Figure 4. The elevated FSH levels of the infantile period stimulate the expression of LHCGR but probably not the activation of LHCGR signaling in granulosa cells.

(A) Merged images of in situ hybridization assay detecting Lhcgr mRNAs (purple color digitally converted into green color) with immunolabelled fibronectin (FN, red) in preantral/early antral follicles of females treated with saline (−), Ganirelix (+) or Ganirelix plus eCG (eCG). (B) Relative intra-ovarian contents of Lhcgr mRNAs in the ovaries of females treated with saline (−), Ganirelix (+) or Ganirelix plus eCG (eCG) (8–9 ovaries/group). (C) Relative intra-ovarian contents of Lhcgr mRNAs in cultured postnatal ovaries (3–10 ovaries/group) in response to different concentrations of purified FSH. (D) Relative intra-ovarian contents of Cyp19a1 mRNAs in the ovaries of females treated with Ganirelix (+), Ganirelix plus hCG (hCG), Ganirelix plus eCG (eCG), or Ganirelix plus hCG and eCG (hCG/eCG) (7–9 ovaries/group). (E) Circulating E2 levels in 5–6 pooled serum in females treated with Ganirelix (+), Ganirelix plus hCG (hCG), Ganirelix plus eCG (eCG), or Ganirelix plus hCG and eCG (hCG/eCG), as determined by GC-MS. Data in B, D and E were analyzed by one-way ANOVA, with distinct letters indicating significant differences between groups. Data in C were analyzed by Student t-test with **P < 0.01 in treated samples versus control group. Scale bars: 100 μm.

Figure 5. Proposed model of the effect of sustained postnatal FSH elevation on the infantile ovary.

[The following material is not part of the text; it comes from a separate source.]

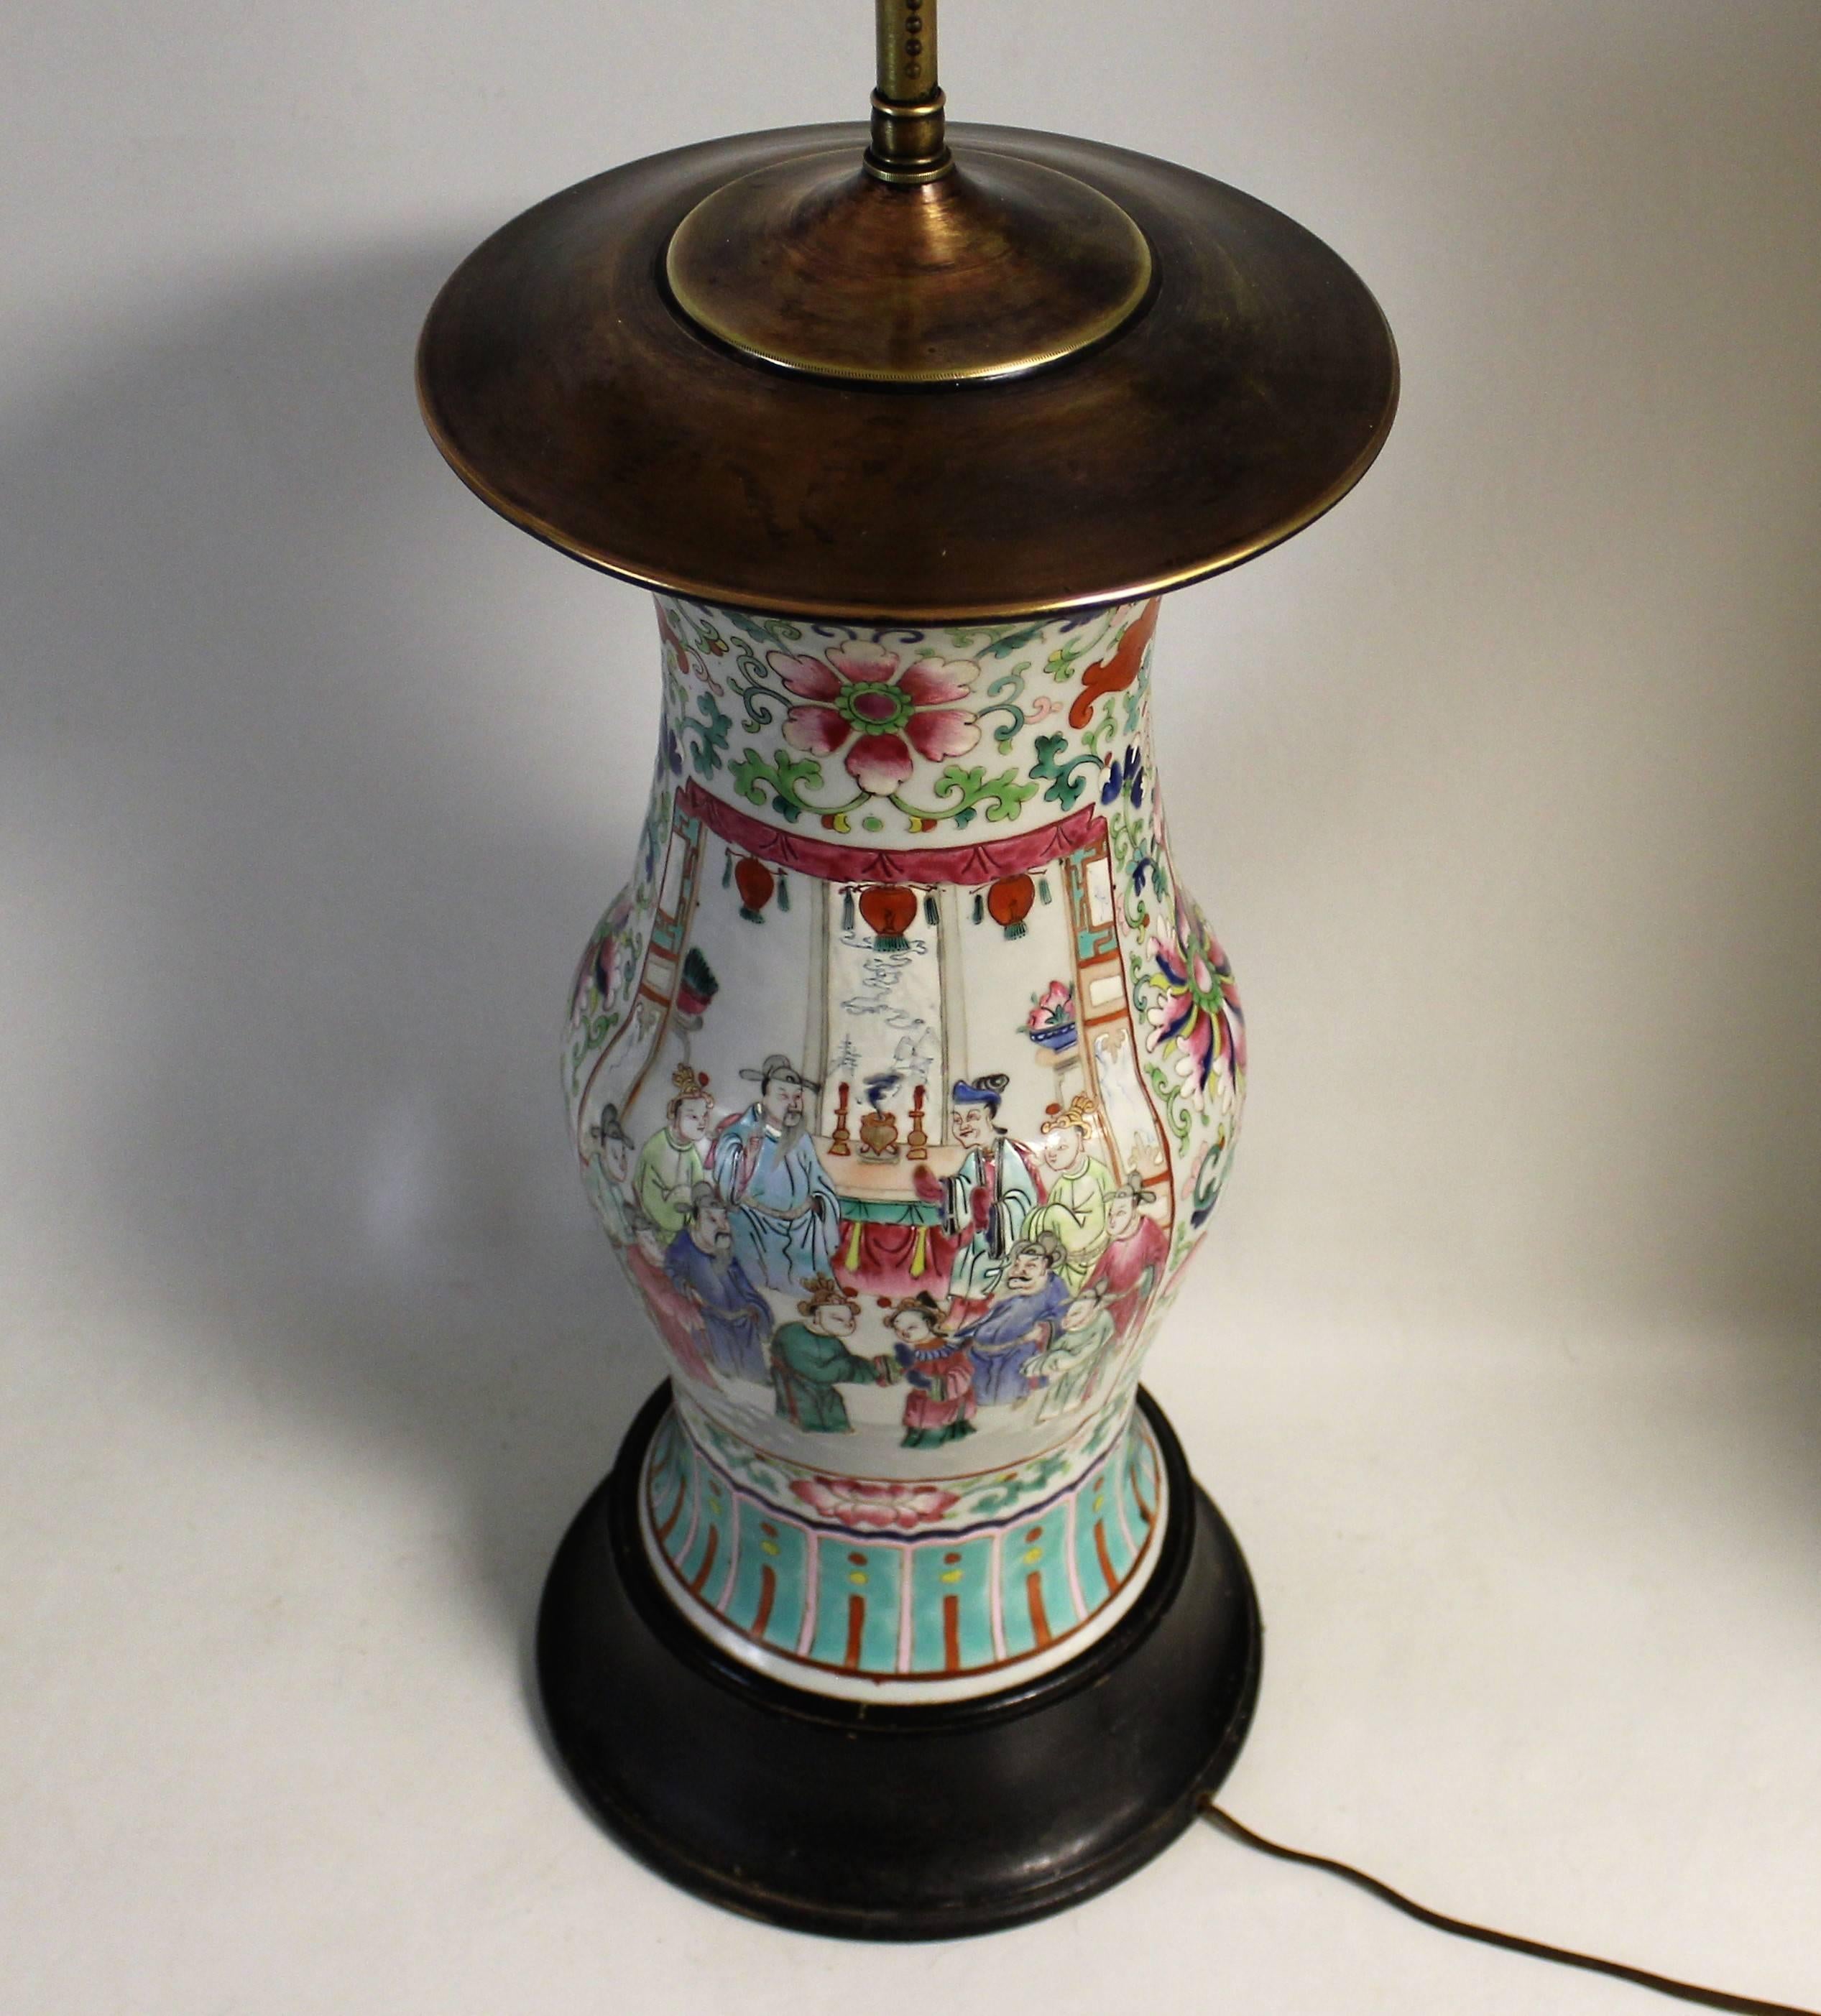 Early 20th century, Chinese porcelain lamp.

FSH increases the expression of Cyp19a1 to activate E2 biosynthesis. However, at those high concentrations, FSH is unable to induce Ccnd2 expression in granulosa cells, and thereby it loses its stimulatory action on follicular growth. In addition, FSH stimulates Lhcgr expression in granulosa cells but LH signaling pathway remains inactive in contrast with that in preovulatory follicles from cyclic females. Thus, during postnatal life, the dramatic elevation in FSH ensures the supply in E2 for reproductive function programming without inducing excessive follicular growth and premature follicular maturation.